Some people complain that flash lighting (Bowens and Elinchrom are good brands) can sometimes be too harsh. There is some truth in this, depending on the color and texture of the subject and background. Used properly though, studio flash should give the stock photographer more control and the best possible result.
In microstock photography, to sell a photo you need to provide the buyer with something they want, and subjects which are shot on a white background sell very well indeed! The people who buy photos (typically graphic designers) often need to cut out or isolate your subjects before they can insert them into their own publications. By shooting on white you are assisting them to some degree by isolating their subjects for them. Providing a clipping path also helps boost sales.

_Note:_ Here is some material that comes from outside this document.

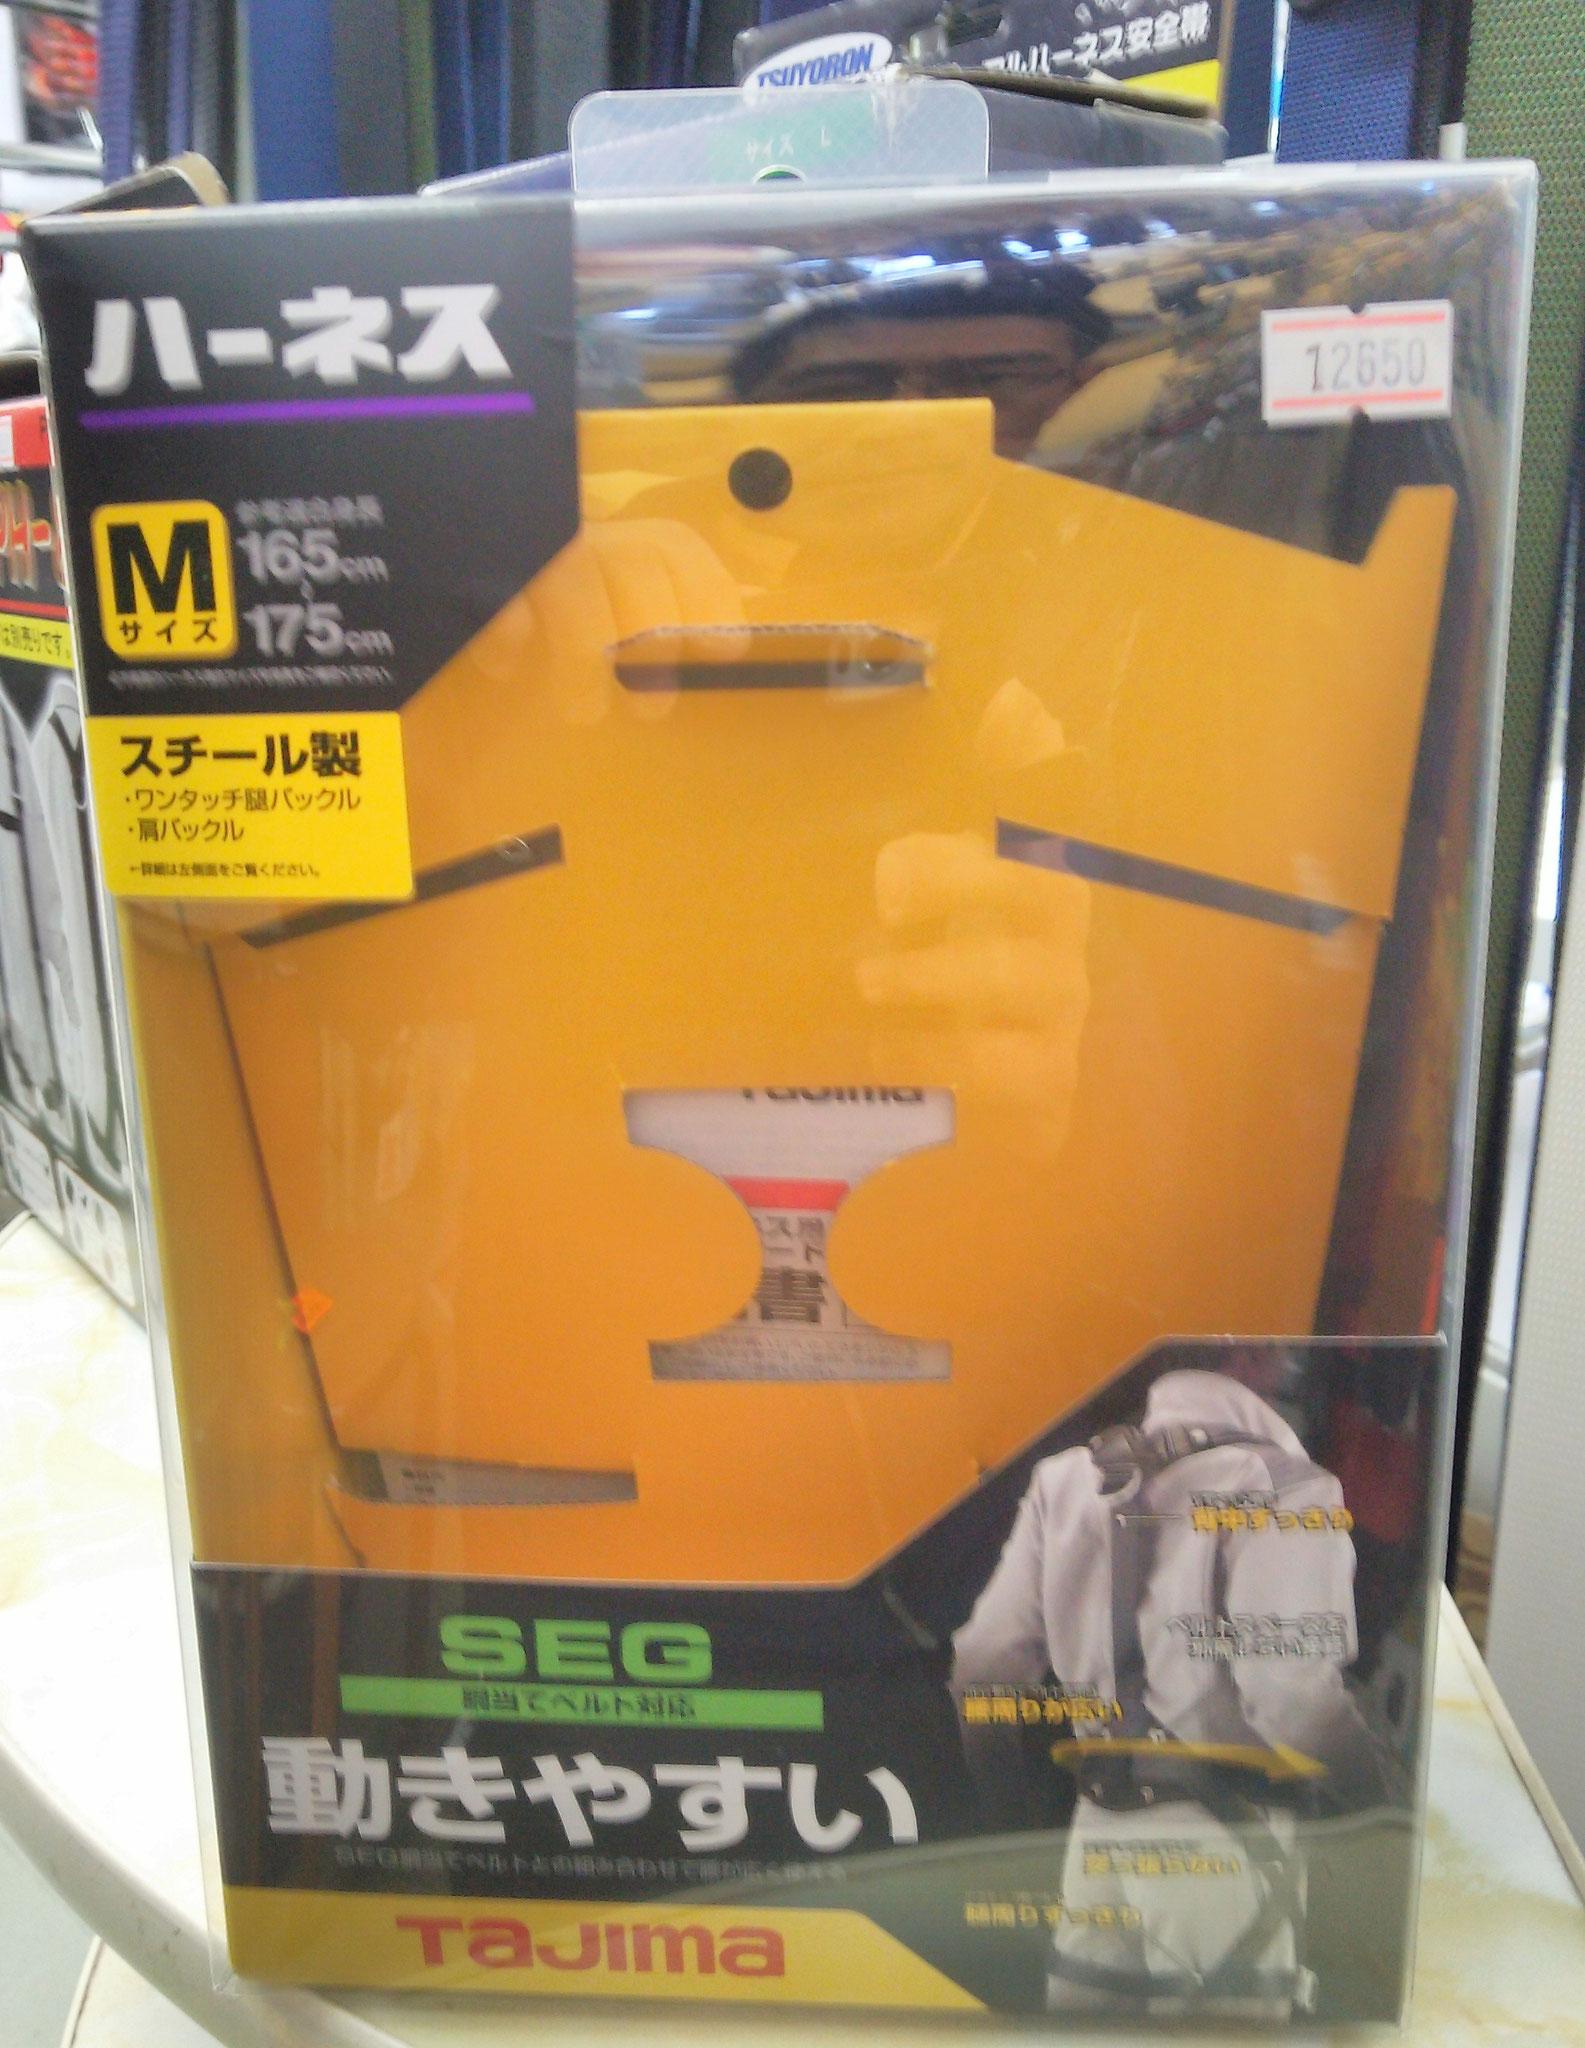 ハーネス型安全帯 ZSM-BK タジマの最新モデル 箱はこんな感じ ¥12,650(税込)

Whatever method you use, it would be worth experimenting with a light tent. Light tents (also called infinity tents) are cheap (usually cube shaped) frames, covered with a thin layer of white material which diffuses light. The light inside a light tent is softer and bounces around the inside of the tent and helps to reduce harsh shadows. Studio lighting (ie softboxes and umbrellas) is already diffused, and using a light tent in conjunction with studio flash further softens the light. I know people who have made their own light tents at home, with great success.

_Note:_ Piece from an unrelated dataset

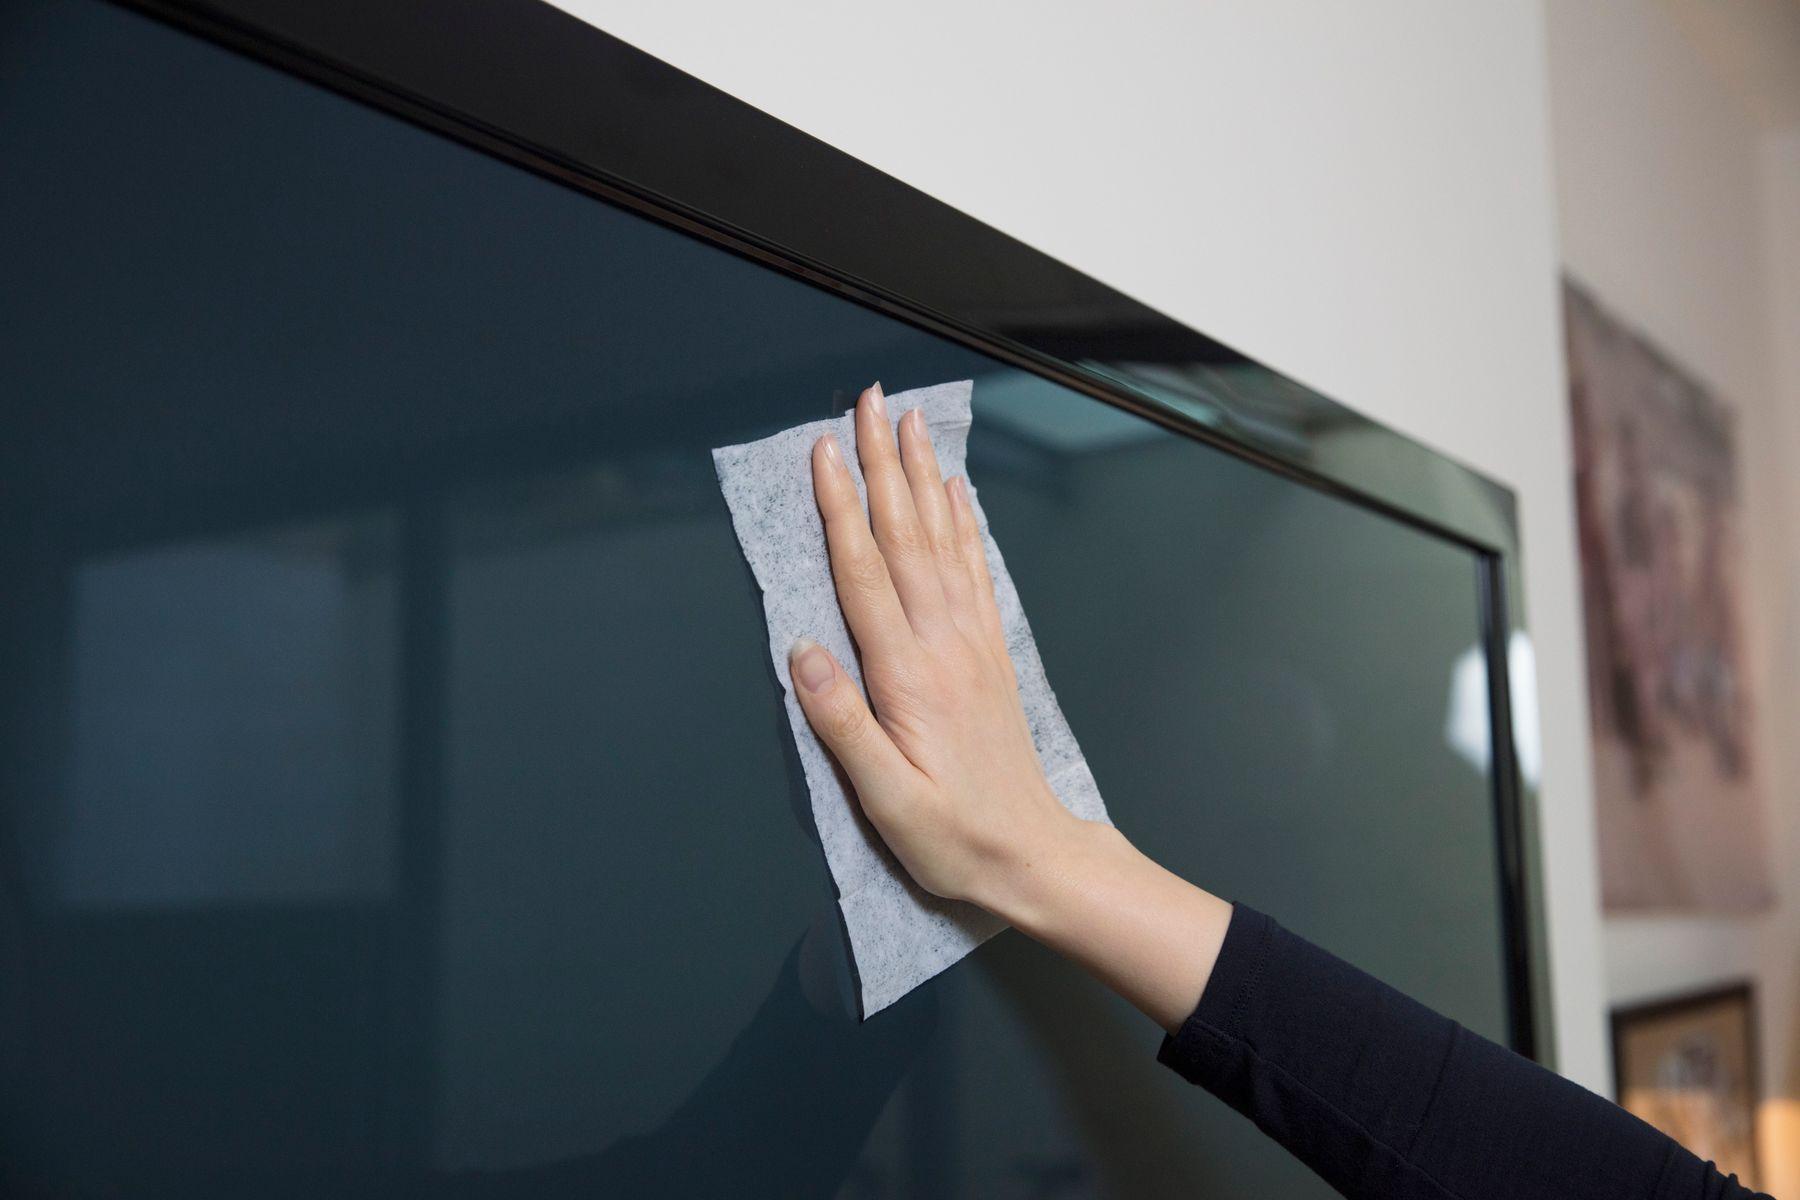 Aprenda como limpar tela de TV de maneira segura

I put white card inside my light tent for two reasons. Firstly, light tents are made from fabric and I prefer the area in focus to be smooth white card rather than the fibres of a fabric cloth. Secondly, if you can find a few sheets of extra bright white card, then your backgrounds will be slightly more blown out, and whiter.
The orange below was also shot in a light tent. Two oranges are more attractive to buyers, who get 2 'photos' for the price of one. I propped up the slice on the left with a piece of Blu Tack to get a nice angle, which also helped boost sales.

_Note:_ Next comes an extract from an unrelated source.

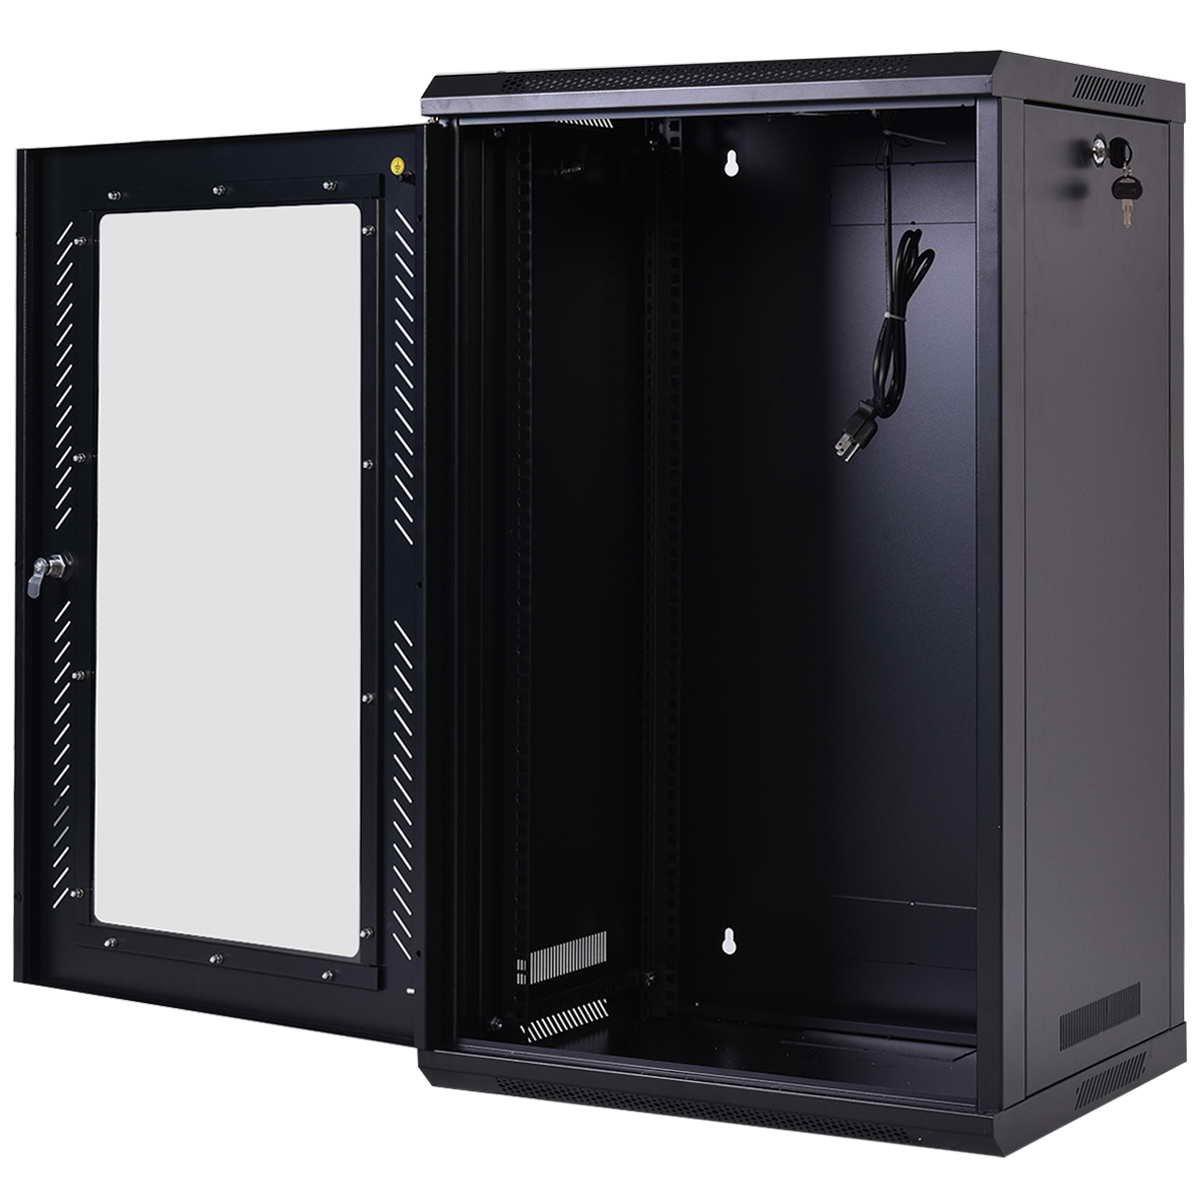 Safstar Cabinet Enclosure Data Tempered Image 1

To prevent your white card from becoming stained by foods (or blu tack marks, etc) place your subjects on an additional piece of A4 paper. This also saves you from having to remove the stains which are in focus using photoshop.
If you are starting out, I would highly recommend that everyone experiment on a low budget with CHEAP daylight balanced bulbs first. You will quickly discover the limitations of cheap lighting, and you will also learn about constant lighting. You will then be in a better position to decide whether you want to buy expensive flash lighting or expensive constant lighting. Professional "constant lighting" is sometimes almost as expensive as professional studio flash lighting. It boils down to preference in the end.
Use reflectors as well as flash when shooting products or models outdoors, and always use a difusser with the flash if you have one. Good models are not cheap, and you run the risk of ruining an entire shoot if your lighting is not good enough. Two of my photos were once rejected by dreamstime due to a tiny spec of dirt under my thumbnail, which was easily fixed in photoshop. Your best ever photos may be rejected if your shadows and highlights are not spot on, so take care when shooting outdoors, especially under the mid day sun when ligting conditions are at their worst, to ensure the subjects you are photographing are properly lit.
Shooting under cloud cover has benefits, as the clouds themselves act as difussers bringing the color temperature down from 10'000 - 20'000k (skylight) to a more managable 6000 - 8000k. It is far easier to manage products in a light tent under controlled studio lighting conditions where the photographer has control, than shooting outdoors where consistant lighting is a hit and miss affair.
Dont become too emotionally attached to your images and try to allow common sense be your critique. Show 100 people two photos of food, and nearly all 100 people will agree which one looks best, tastiest, and nicest. Photography is the study of composition and lighting (no more) and when working in a studio, with the benefit of being able to work on a trial and error basis, there is no reason why you shouldnt be able to achieve near-perfect results with consistency.